日本の富裕層はアメリカの富裕層よりタチが悪い。アメリカの大富豪と呼ばれる人たちの中にはあえて自分たちにもっと課税しろと主張する人もいる。(マイクロソフトのビル・ゲイツや株式投資家のウォーレン・バフェットなど)

何があっても自分を責めるな

「失敗したのはあなたのせいだ」と言われ「あ、そうかもしれない」と思ってしまうことを、精神医学の認知療法で「自己関連づけ」といい、うつ病を引き起こす原因となる認知の歪みなのだという。「こうあるべきだ」という思い込みをやめれば楽になる。実際、無職になって思うことだが、自分の代わりはいくらでもいるし、自分が少し失敗したり、業績(成績)が悪かったとしても会社は潰れることはないということ。
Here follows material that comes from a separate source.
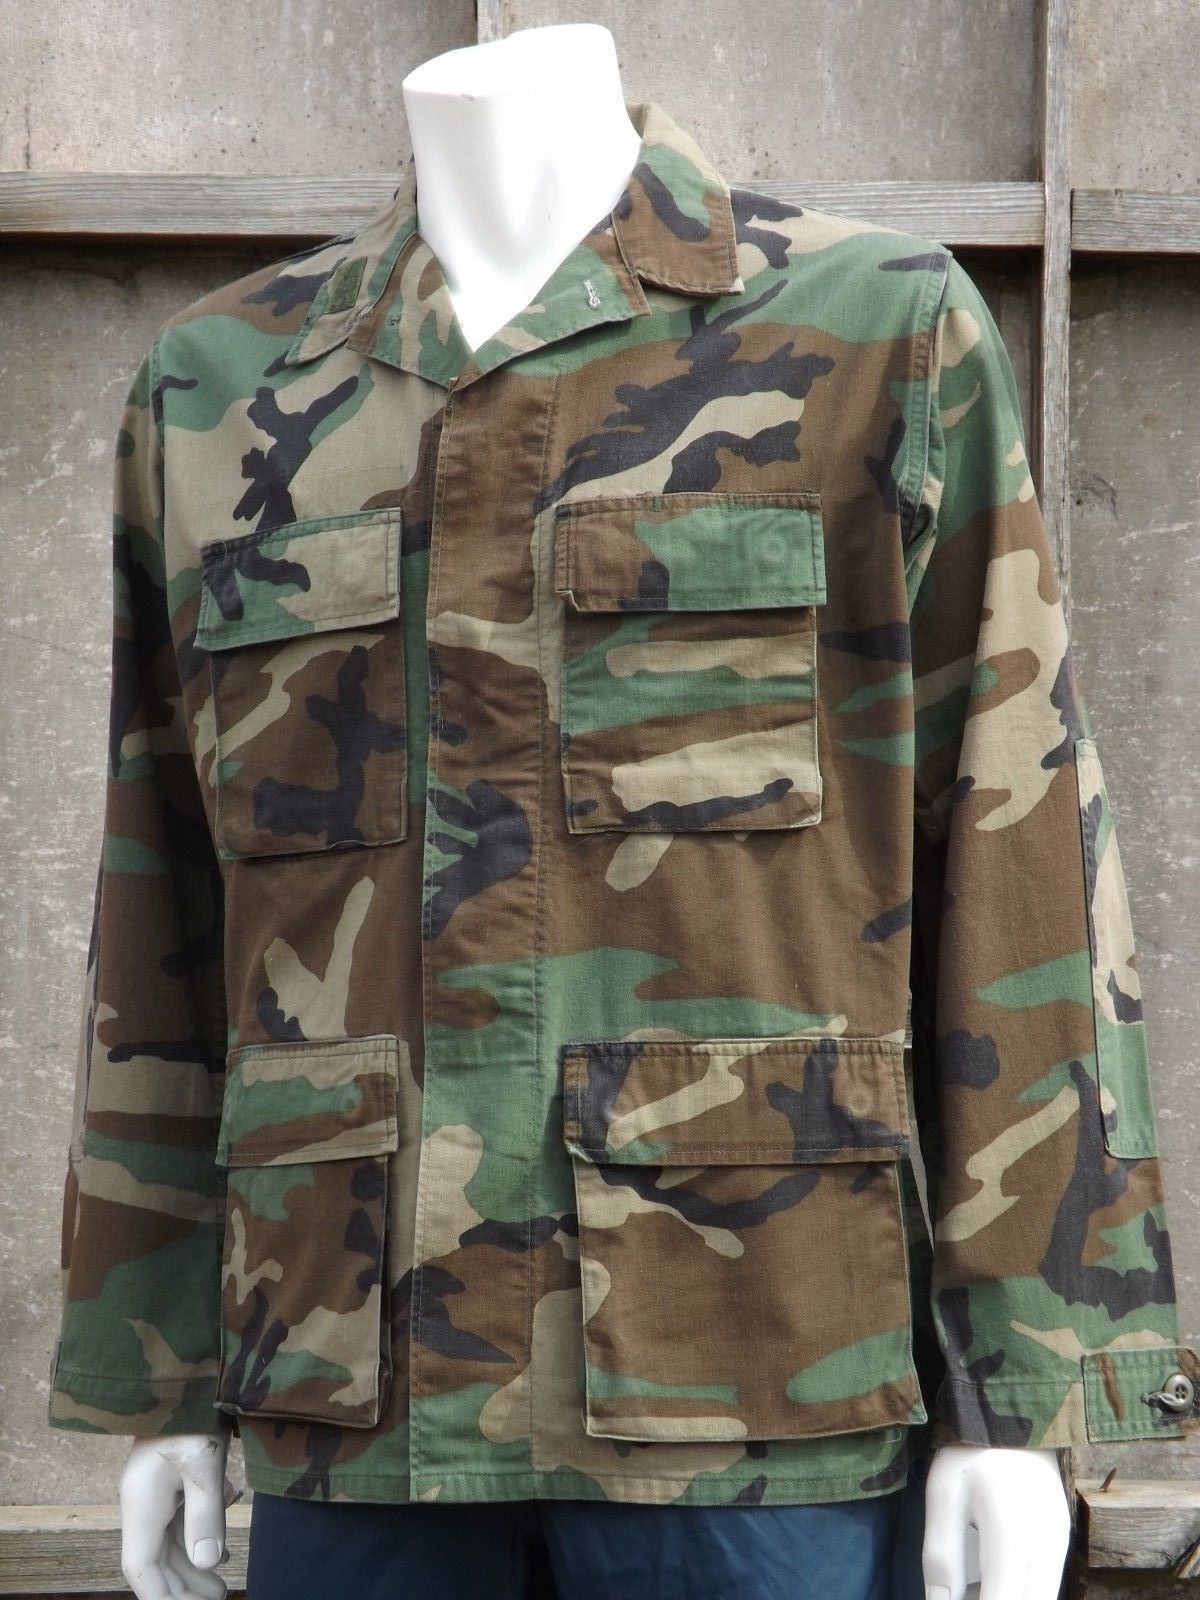 b3258606952a8 Genuine Vintage US Army Woodland BDU Jackets Camouflage Cotton Military Camo
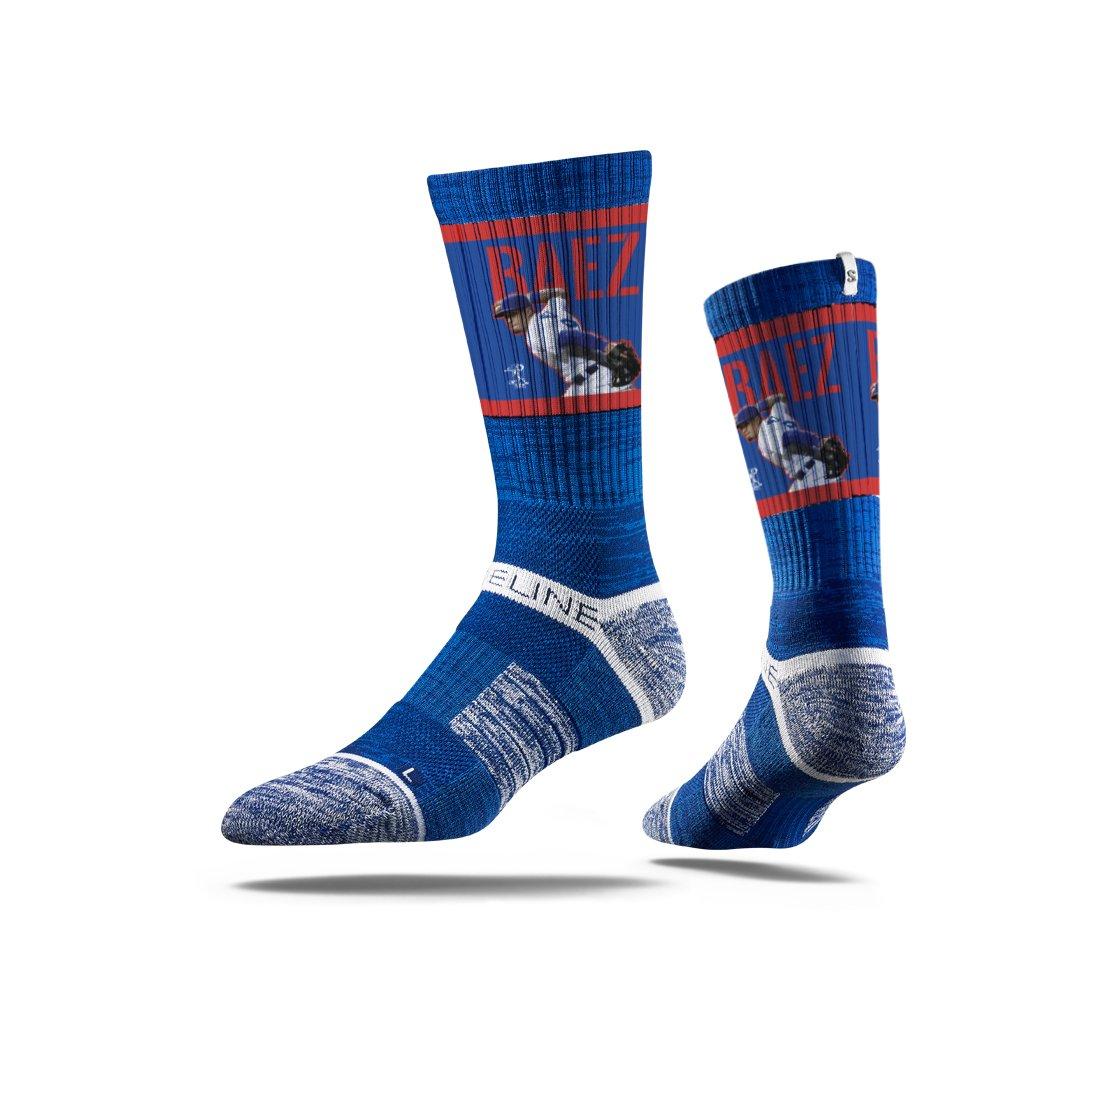 Strideline MLB PA Chicago Cubs Javier Baez Premium Crew Socks, Blue, One Size

たった一つしか評価基準がない人は、その評価基準でしか自分を評価することができません。世の中は単純ではないですから、その判断基準からはみ出した自分を認められなくなってしまうのです。

確かに仕事という評価基準でだけで自分を評価していた時は、無職であるのが辛かったが、読書を通して様々な知識を得て、それ以外のことに目を向けることができるようになってきて少し楽になってきた実感がある。

人間は生きているだけで「迷惑」の塊だと気づくことが大事だと思います。